Our submission to the committee on SCISA was prepared by a CBA national security working group, with contributions from the privacy and access law section as well as other sections. The section's membership represents lawyers with in-depth knowledge in the areas of privacy law and access to information from every part of the country, drawn from private practice, industry, and government sectors.
Our section also worked on the CBA submission this past fall in response to the government's national security green paper, and the year before that on the CBA submission to the public safety and national security committee respecting Bill , part of which contains SCISA.
I'll now address the substance of our submission.
The CBA supports information sharing for the purpose of national security when that sharing is necessary, proportionate, and accompanied by adequate measures against potential abuse. However, sharing too much information or sharing information for unrestricted purposes can lead to harmful consequences. Moreover, such oversharing is contrary to the principles underlying privacy laws in Canada.
SCISA has significantly expanded intragovernmental information sharing for national security purposes in Canada, including the sharing of potentially sensitive personal information, without precise definitions, basic privacy protections, or clear limitations on the purposes for sharing. While some helpful changes were made to SCISA before its final passage into law in 2015, the statute still causes concern on several fronts.
The CBA has four main concerns with the law as enacted.
The first is independent oversight. SCISA includes a number of useful guiding principles for information sharing, including the principle that originators should retain control over shared information and the principle that information should be disclosed under the act only to institutions carrying out responsibilities in respect of activities that undermine the security of Canada.
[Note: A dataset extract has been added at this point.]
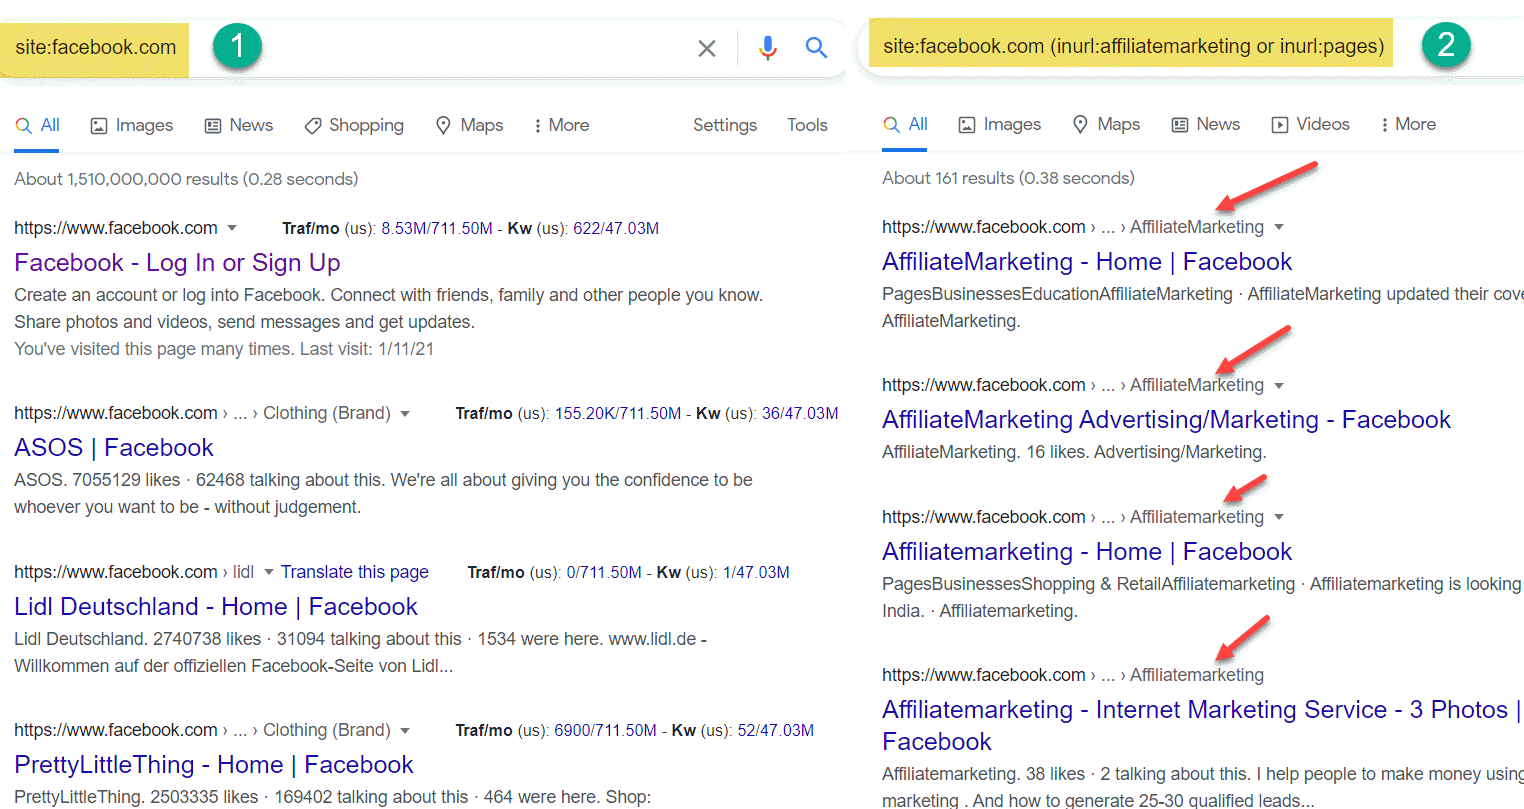 google site search using inurl

However, to be meaningful, SCISA must include a robust oversight and accountability mechanism to enforce these principles. In the CBA's view, any oversight body should have independence from the government institutions that will be sharing information under the act in order to avoid any potential conflicts of interest.
There may be several oversight models that could work in this regard. The committee of parliamentarians that was proposed in Bill could be one such option. Existing institutions, such as the Office of the Privacy Commissioner of Canada, might also work.
Whatever oversight mechanism is pursued, in order to better facilitate the review of activities carried out under SCISA, the CBA submits that regulations should be introduced requiring disclosing institutions to keep a record of all disclosures made under SCISA and requiring receiving institutions to maintain records of subsequent use and disclosure of information received pursuant to SCISA. If such records do not exist, it will be nearly impossible for any oversight body to determine whether the guiding principles of the act are indeed being respected.
The second concern is balanced information sharing.
The CBA notes that subsection 5(1) of SCISA permits disclosure among the 17 government institutions listed in the schedules of the act if the information is relevant to the recipient institution's jurisdiction or responsibilities under an act of Parliament or another lawful authority respecting national security. In the CBA's view, mere relevance is a very low standard for what should be an exceptional sharing of information between government institutions, and this could allow for unnecessary and overbroad sharing of information, undermining the privacy rights of Canadians. The CBA agrees with the previous submissions of the Privacy Commissioner of Canada and others that a test of necessity would better balance the objectives of SCISA with privacy rights and principles. In other words, in order for information to be shared with another institution, such sharing must not only be relevant to the receiving institution's mandate respecting national security, but also have to be necessary in order to allow the receiving institution to fulfill that mandate.
The CBA is also of the view that the existing schedule 3 to SCISA, which lists the institutions with which information may be shared under the act, should be expanded to include references to the specific sections of the statute supervised or implemented by those institutions that might relate to national security concerns. Greater specificity would assist both disclosing and receiving institutions, as well as any oversight body, in assessing whether disclosure to another institution might be appropriate.
Our third concern with SCISA is the lack of restrictions around subsequent use and disclosure of information disclosed to an institution under section 5 of SCISA. More specifically, the current provision seems to allow for the subsequent disclosure by a recipient institution to other non-designated government institutions, to individuals, to foreign governments, or even to the private sector, and for purposes unrelated to national security.
In the CBA's view, the information sharing between government institutions contemplated by SCISA should be seen as an extraordinary measure designed to fulfill an explicit narrow purpose. Accordingly, SCISA must be designed to eliminate what is sometimes called “purpose creep”, including potential disclosure to third parties.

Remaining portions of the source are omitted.